Open vStorage High Availability (HA)

Last week I received an interesting question from a customer:

What about High-Availability (HA)? How does Open vStorage protect against failures?

This customer was right to ask that question. In case you run a large scale, multi-petabyte storage cluster, HA should be one of your key concerns. Downtime in such a cluster doesn’t only lead to production loss but might be a real PR disaster or even lead to foreclosure. When end-customers start leaving your service, it can become a slippery slope and before you are aware there is no customer left on your cluster. Hence, asking the HA question beforehand is a best practice for every storage engineer challenged with doing a due diligence of a new storage technology. Over the past few years we already devoted a lot of words to Open vStorage HA so I thought it was time for a summary.
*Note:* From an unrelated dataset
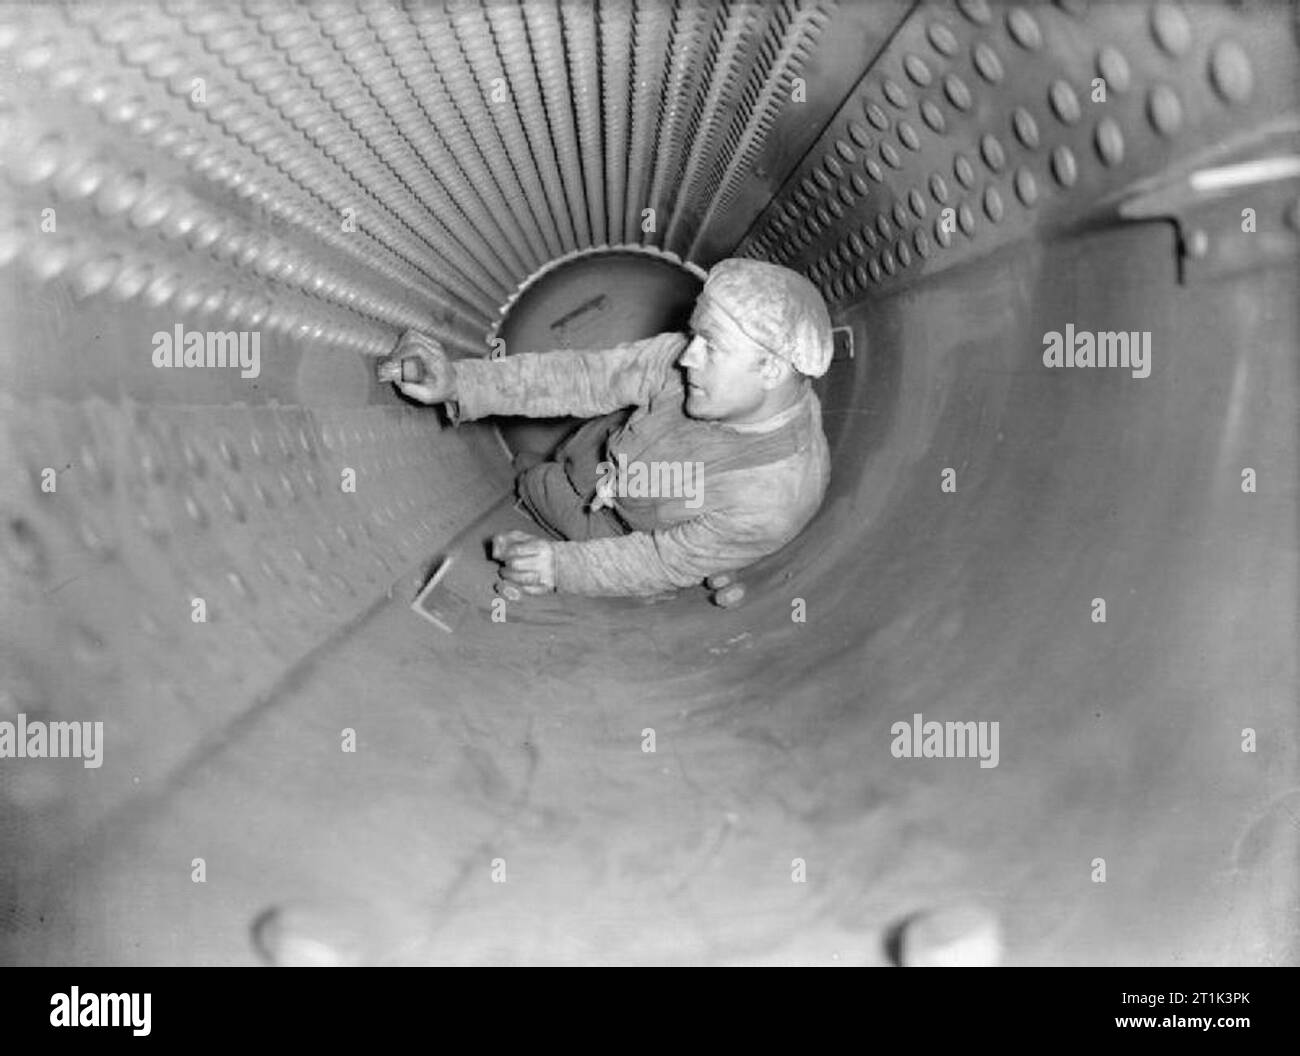 The Royal Navy during the Second World War A stoker cleaning inside the boiler of the cruiser HMS CURACOA at Rosyth. The inside of the boiler is 4 feet in diameter and 12 feet long. Stock Photo

In this blog post I will discuss the different HA scenarios starting from top (the edge) to bottom (the ASD).

The Edge

To start an Edge block device, you need to pass the IP and port of a Storage Router with the vPool of the vDisk. On initial connection the Storage Router will return to the Edge a list of fail-over Storage Routers. The Edge caches this information and switches automatically to another Storage Router in case it can’t communicate with the Storage Router for 15 seconds.
Periodically the Edge also asks the Storage Router to which Storage Router it should connect. This way the Storage Router can instruct the Edge to connect to another Storage Router, for example because the original Storage Router will be shut down.
For more details, check the following blog post about Edge HA.

The Storage Router

The Storage Router also has multiple HA features for the data path. As a vDisk can only be active and owned by a single Volume Driver, the block to object conversion process of the Storage Router, a mechanism is in place to make sure the ownership of the vDisks can be handed over (happy path) or stolen (unhappy path) by another Storage Router. Once the ownership is transferred the volume is started on the new Storage Router and IO requests can be processed. In case the old Storage Router would still try to write to the backend, fencing will kick in which prevents data to be stored on the backend.
The ALBA proxy is responsible for encrypting, compressing and erasure code the Storage Container Objects (SCOs) coming from the Volume Driver and sending the fragments to the ASD processes on the SSD/SATA disks. Each Storage Router also has multiple proxies and can switch between these proxies in cases of issues and timeouts.

The ALBA Backend

An ALBA backend typically consist out of a multiple physical disks across multiple servers. The proxies generate redundant parity fragments via erasure coding which are stored across all devices of the backend. As a result, a device or even a complete server failure doesn’t lead to data loss. On top, backends can be recursively composed. Let’s take as example the case where you have 3 data centers. One could create a (local) backend containing the disks of each data center and create a (global) backend on top of these these (local) backends. Data could for example be replicated 3 times, one copy in each data center, and erasure coded within the data center for storage efficiency. Using this approach a data center outage wouldn’t cause any data loss.

The management path HA

The previous sections of this blog post discussed the HA features of the data path. The management path is also high available. The GUI and API can be reached from all master nodes in the cluster. The metadata is also stored redundantly and is spread across multiple nodes or even data centers. Open vStorage has 2 types of metadata: the volume metadata and the backend metadata. The volume metadata is stored in a networked RocksDB using a master-slave concept. More information about that can be found here and in a video here.
The backend metadata is stored in our own, in-house developed, always consistent key-value store named Arakoon. More info on Arakoon can be found here.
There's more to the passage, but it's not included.